The Chinese word for conflict is two symbols: one means danger, the other, opportunity. In order to see the opportunities, however, we have to be clear-headed, we have to be calm, and we have to leave our own needs and emotions out of it. EFT makes that a lot easier to do.



Sandra Lewis, MA, has a psychotherapy practice in Toronto and Newmarket , Ontario , where she works with teens, adults and couples on anxiety, depression, work and relationship conflicts and psychosomatic illnesses. She is a clinical member of the Ontario Soc.
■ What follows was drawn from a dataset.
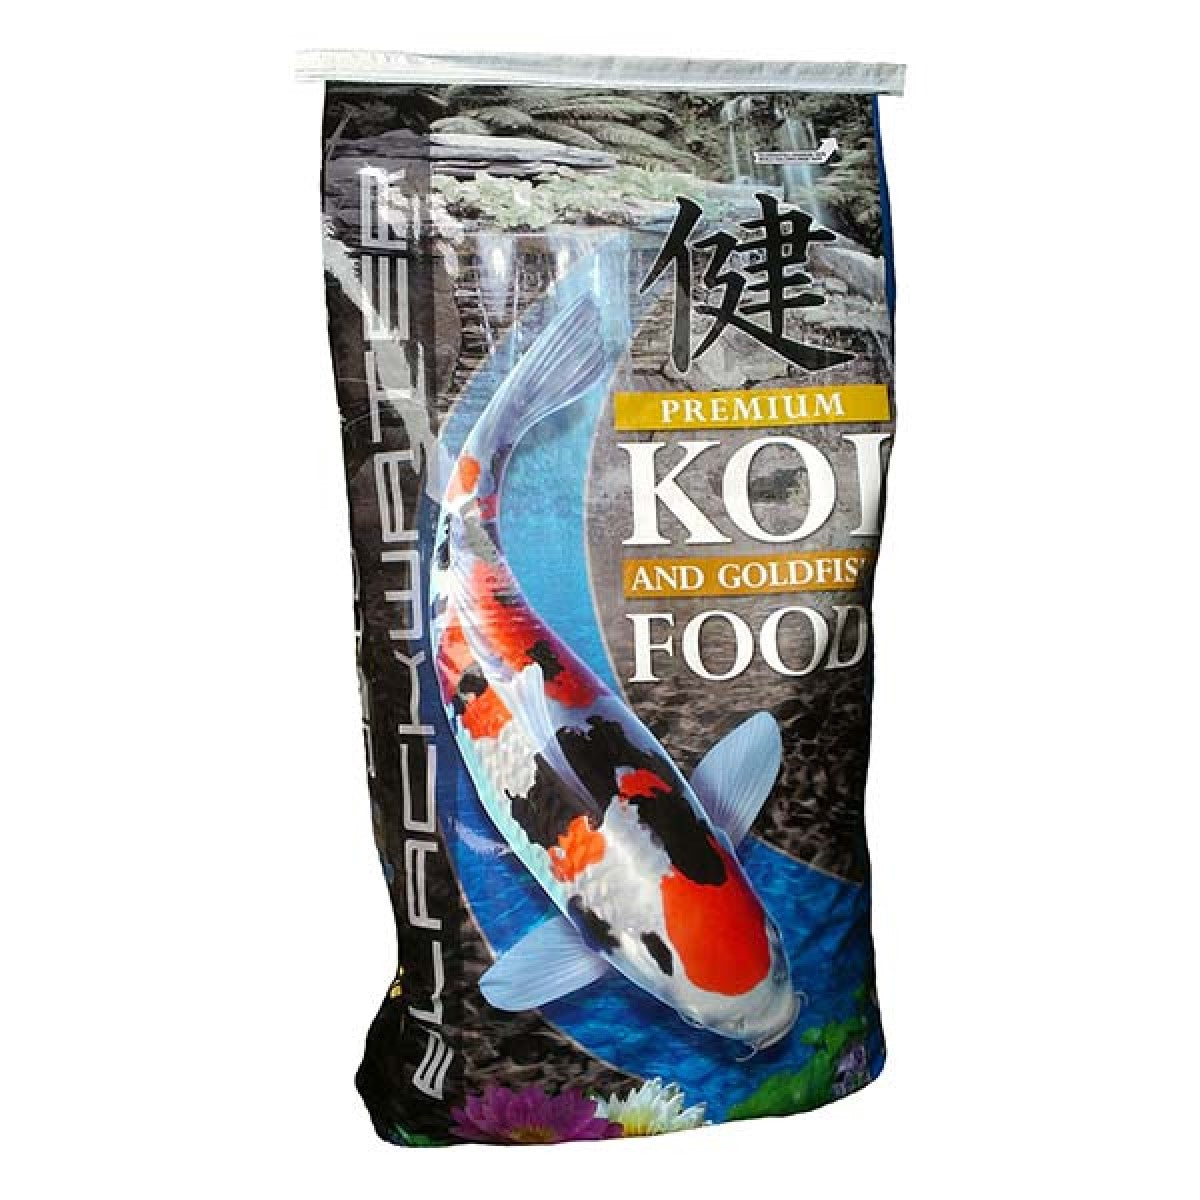 Blackwater Max Growth koi food from Blackwater Creek is designed to give your koi and pond fish maximum growth.

Of Psychotherapists, sits on the board of Conflict Resolution Network Canada and is the editor of their headline news service (crnetwork.ca). Her Masters Degree is in Conflict Analysis and Management. She can be reached at slewis@crnetwork.ca or through her website www.artemistherapy.com


Emotional Freedom Technique is an energy healing technique refined from TFT (Thought Field Therapy) and brought into wide usage by an American named Gary Craig (see www.emofree.com ).  In his words, "Even though EFT violates just about every conventional belief out there, the results remain remarkable...My jaw still drops [after 12 years]". EFT is an emotional form of acupuncture using tapping instead of needles to stimulate key meridian energy points, on the premise that the cause of many negative emotions is a disruption in the body's energy system. It is a surprisingly fast way to eliminate negative feelings, no matter how entrenched they may seem. Startling relief usually occurs within the first session. As well, this is a method that is easily taught to clients who can use it on their own, whenever they start to feel upset or overwhelmed. It works extremely well with children.